Okay, got it. And then can you guys just give a little color about how your new sort of California plays are doing, look like the production is pretty good this quarter? Robert F. Heinemann: Well, we have a number of smaller fields in and around our north midway operating area. These are kind of small opportunities. They've been at this point in the development cycle because they tend to be a higher viscosity oil, which takes longer to heat up, and are not quite as efficient. But when you look at the margins that we get in California today, and you look at the oil-gas price ratio that we enjoy today, we decided kind of late last year, we got to develop these properties. And so we're starting to see some response in some of those properties, and we expect that we actually expect that response to get better. And so, it's not a huge position for the company, but it's a nice little wedge over the next 3 to 4 years as these things start to come on.
The next question comes from Monroe Helm from Barrow, Hanley. H. Monroe Helm: Bob, I was just curious, if you can help us think through all the things that you're looking at, just at the CapEx for next year, what the timing of that would be, and how that would relate to your cash flows? Robert F. Heinemann: We, it's usually, Monroe, that -- it's usually a third quarter activity for us, we're right in the middle of it. I think it's a little bit premature for us to make the call. I'd think our capital planning right now probably indicates we'll be a little bit lower on capital, but we're still shooting to deliver that 12% to 14% of oil growth. Obviously that really depends on Diatomite performance, if we continue to go up the type curve we're on now, we'll feel really good about that. So if we get the response in the Diatomite, we won't have to spend as much capital on the Permian. That's probably what it will amount to. We'll look at that against several price scenarios. Probably our working assumption will be something like $90. And we'll probably run another case at $70, and we'll check the cash flows against those prices. We will set our goal on CapEx to be very much in line with our cash flows for next year. H. Monroe Helm: Okay. And how should we think about your gas production for next year? Do you think... Robert F. Heinemann: We'll be gas-short next year. We typically look at our consumption for our heavy oil properties against our production. I think we'll be about 70% of our consumption will come -- I mean 70% of our gas needs will come from our production. We are starting to hedge the buy, on the gas. And I would say, company-wide, if you look at our associated gas and our gas assets, next year on gas, we'll be something about 80 million a day, something like that, or is that right?

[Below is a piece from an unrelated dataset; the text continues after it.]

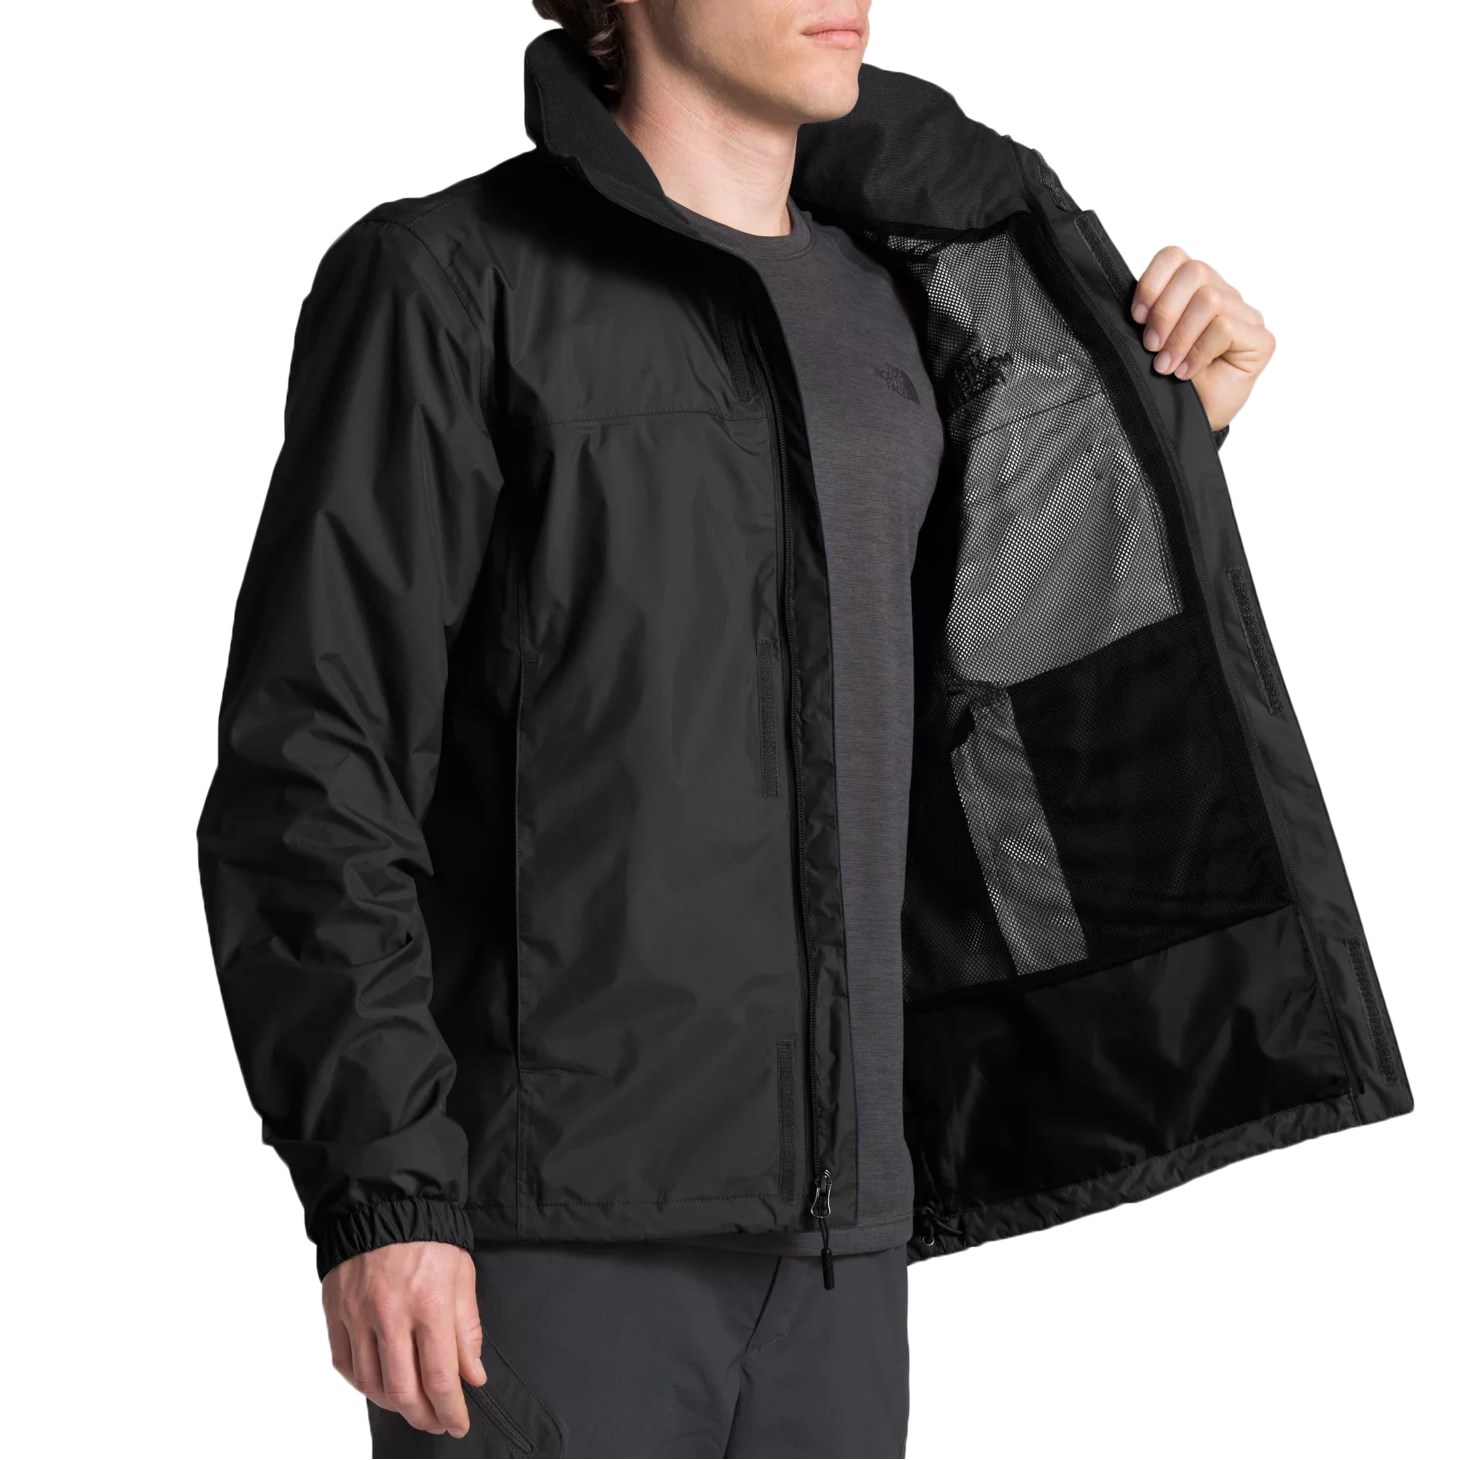 north face resolve 2 jacket review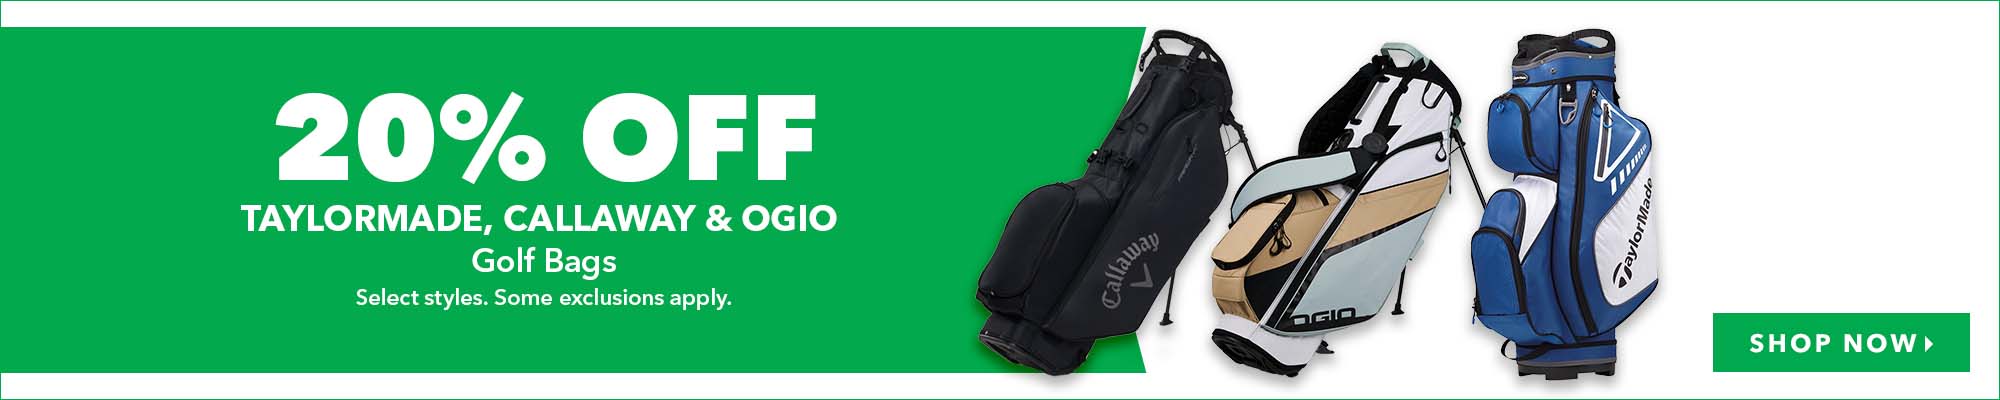 Select TaylorMade, Callaway & Ogio Prior Gen. Golf Bags - 20% off

Well that seems high. That includes the... So we'll be in the 40 million to 50 million a day range next year. Robert F. Heinemann: Well, let us come back to you on that, Monroe, on the gas forecast. That'll kind of be part of the outlook for next year as well. H. Monroe Helm: Okay. Just one other question. Are you seeing much or any help at all from lower service costs at this point in time in any -- in the areas you're operating in? And kind of what's your outlook for service costs for next year?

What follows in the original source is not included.